Since Saturday, New Yorkers can get their hands on Montreal’s St-Viateur Street bagels. Thanks to two adventurous Montrealers. A few weeks ago, 27-year-old Montrealer Noah Bermamoff, introduced Brooklyn to Montreal-style smoked meat when he opened Mile End. The little delicatessen is located in Brooklyn’s Boerum and is completely inspired by Montreal culinary symbols, right down to the famous bagels.

Bermamoff’s father had been FedEx-ing him bagels every night, though they often arrived up to 24 hours late because of transportation delays. He was selling them for the high price of $2.50 each or $30 per dozen. But despite the high cost, New Yorkers wanted more.

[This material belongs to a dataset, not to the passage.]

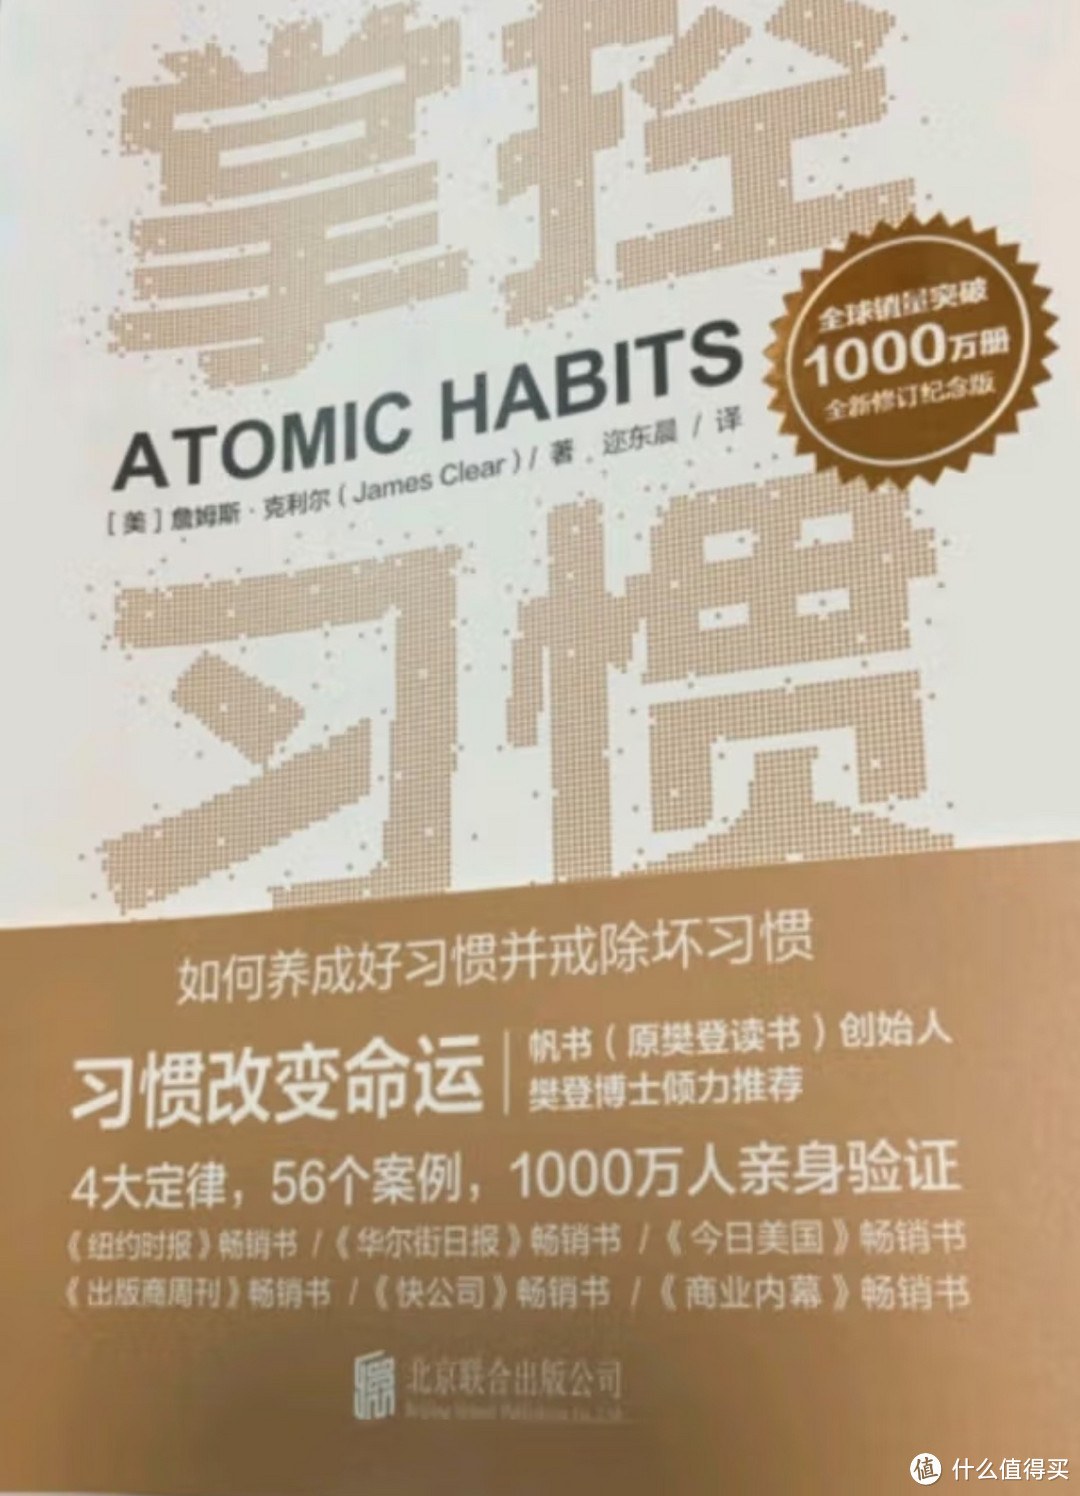 掌控习惯 养成好习惯 詹姆斯克莱尔 原子习惯 Atomic Habits中文版 樊登读书会 得到 吴晓波推荐

That’s when his two best friends from Montreal, businessmen Jon Leitner and Joel Tietolman, come into play. “We realized that there was an enormous demand for Montreal bagels,” said Leitner. They approached St-Viateur Bagel and came to an agreement. Last Friday, they filled Tietolman’s Volkswagen with 90 dozen bagels and drove to Brooklyn. At 8 a.m., the bagels had reached Bermamoff’s restaurant. The quickly sold out. From now on, every Friday, the same thing will happen. “We like the road trips a bit too much,” said Leitner.

More after the jump!

noah
Noah Bernamoff before the opening of his new Brooklyn restaurant, Mile End.

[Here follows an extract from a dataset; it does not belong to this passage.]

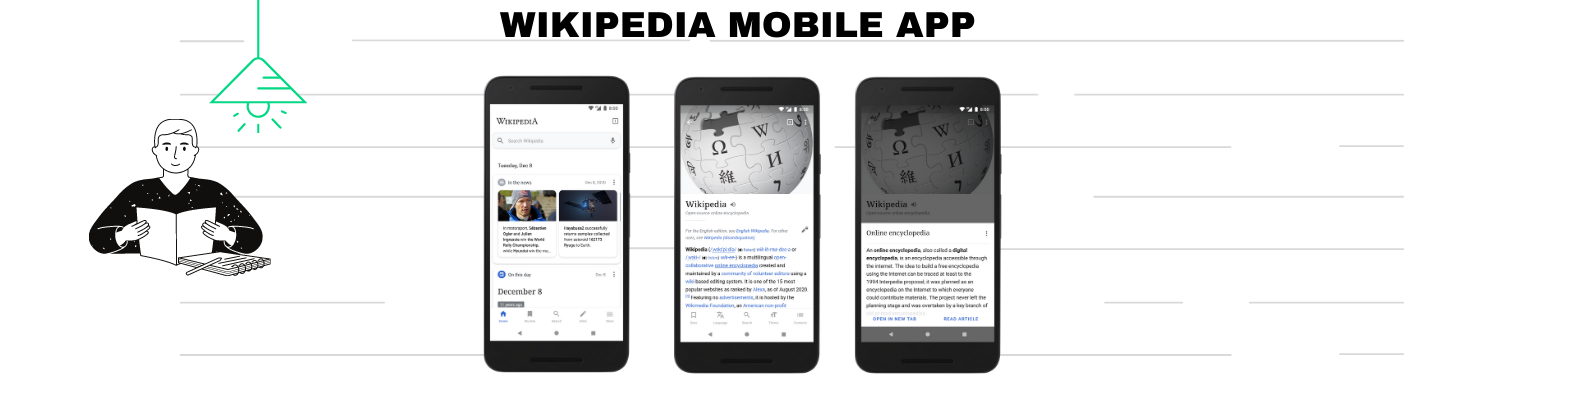 Wikipedia Mobile App Cover

The duo has rented a truck for the next run and will hit the road with about 150 dozen bagels, which they will sell for $2 each or $20 for a dozen when they are ordered in advance on their website. As a comparison, the St-Viateur Bagel equivalent in New York, H and H, sells their bagels for $16.80 per dozen.

The New York Times City Blog is already talking about them. And so does New York magazine. The NYTimes recently had their journalists vote on which city makes the better bagels, with the Big Apple’s offerings unsurprisingly coming out on top. On the Mile End’s website, Montreal bagels are described as “smaller, denser, chewier, and slightly sweeter” than their New York cousins.

Leitner and Tietolman say they plan to sell the bagels in many locations in the city. “It’s a small risk we are taking, it takes a lot of our energy, but it’s a project between friends and we spend every weekend in New York, we can’t complain,” said Leitner.

Since it opened, Mile End has received attention from the likes of the New York Times, Time Out, Black Book and New York Magazine, as well as blogs such as Gothamist. It was also named Paper Magazine’s restaurant of the week.

Mile End is so popular in fact that the restaurant often runs out of smoked meat before day’s end and Twitter is used to tell the public when supplies are running low. Bermamoff will soon have to expand his operation; currently he smokes his own meat, makes the pickles and smoked salmon and even serves poutine.

- Noah Bermamoff’s Mile End restaurant is located at 97A Hoyt Street near Atlantic Avenue in Brooklyn’s Boerum Hill district.